Haskell to implement other languages

Martin Sulzmann

Overview

We consider a simple language of arithmetic expressions consisting of Integer and Boolean expressions.

We wish to represent this language in terms of a Haskell data type, so that we can exploit pattern matching to write functions that operate on this data type.

Specifically, we wish to write an evaluator (interpreter) and a type checker.

We will make use of

and introduces an extension of algebraic data types known as generalized algebraic data types (GADTs).

Syntax

We first need to specify the syntax of our language of arithmetic expressions. From theoretical computer science, we recall context-free grammars.

Some context-free grammar rules to describe arithmetic and boolean expressions. For brevity, we only consider natural numbers 1 and 0.

E -> 1
E -> 0
E -> True
E -> False
E -> E + E
E -> E * E
E -> E || E
E -> (E)

We refer to E as a non-terminal symbol. Terminal symbols are 1, 0, etc.

The grammar is ambiguous as for 1 * 0 + 1 we find the following two derivations.

(1)

   E
-> E * E
-> 1 * E
-> 1 * E + E
-> 1 * 0 + E
-> 1 * 0 + 1

(2)

   E
-> E + E
-> E + 1
-> E * E + 1
-> E * 0 + 1
-> 1 * 0 + 1

For each derivation, we also give its parse tree.

(1)

             E
            /|\
           E * E
           |  /|\
           1 E + E
             |   |
             0   1

(2)

             E
            /|\
           E + E
          /|\  |
         E * E 1
         |   |
         1   0

As we can see parse trees are different.

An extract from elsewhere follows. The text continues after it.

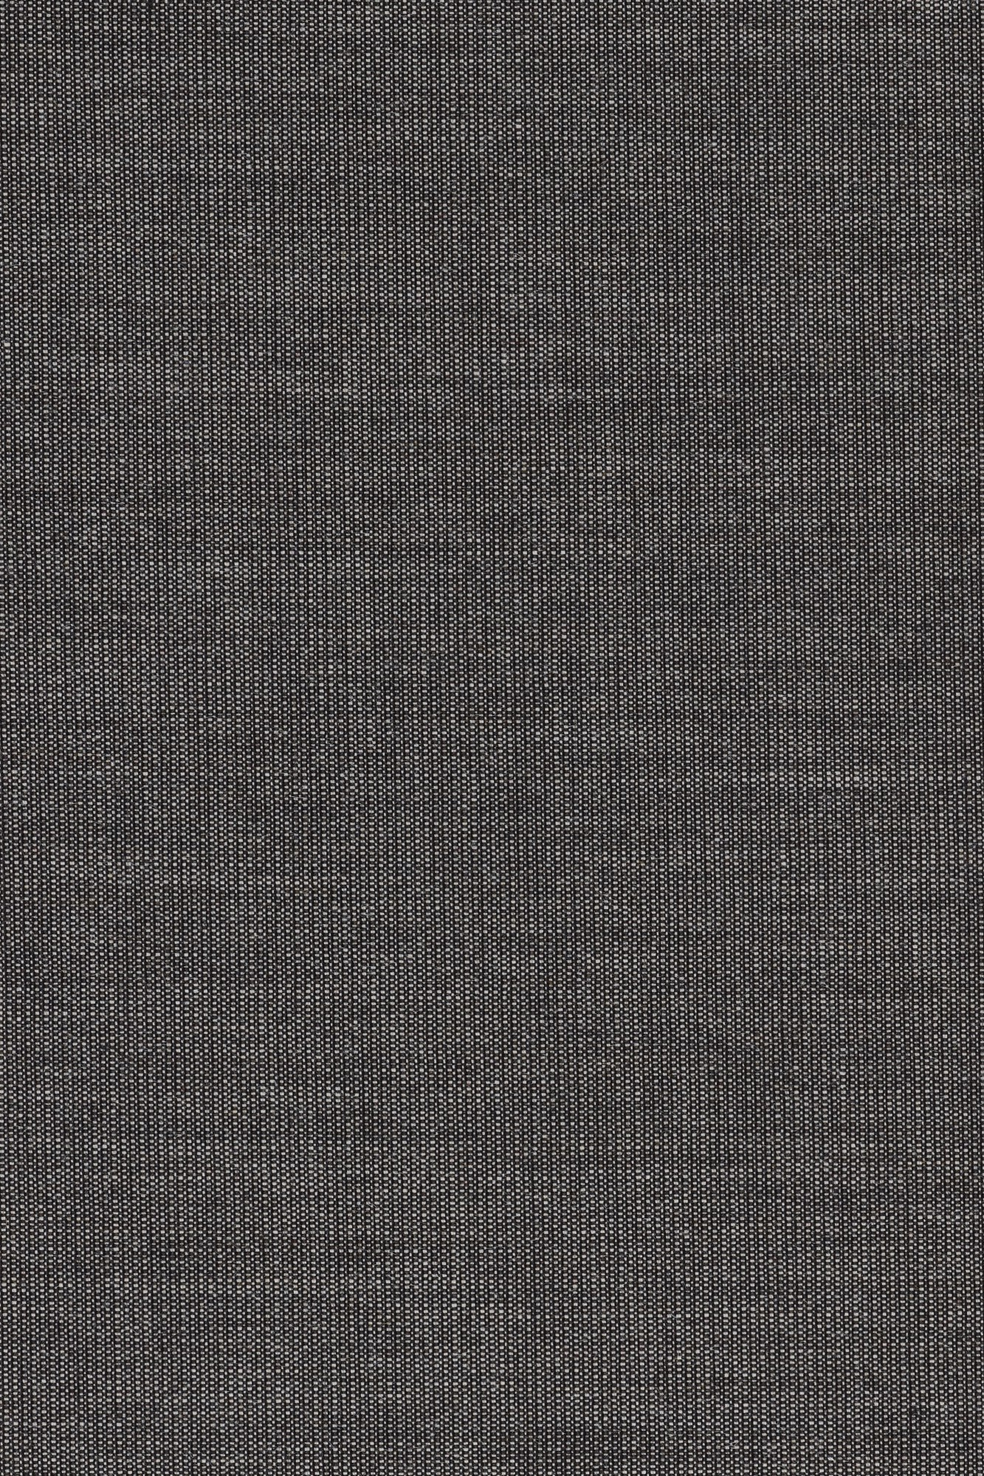 Fabric sample Canvas 2 154 grey

Hence, the above grammar is ambiguous.

The common rule to remove the above ambiguity is to assume that * binds tigher than +. This is important because we need to ensure that the meaning of 1 * 0 + 1 is unambiguous.

Haskell data type for expressions (syntax)

We seek for a representation of arithemtic expressions. As data types are perfect to represent tree-like structures such as parse trees, this is an easy task in Haskell. Instead of parse trees, we choose a more compact representation commonly referred to as the abstract syntax tree (AST). In the AST, there is no need to represent parantheses as the precedence among expressions is guaranteed by the tree structure.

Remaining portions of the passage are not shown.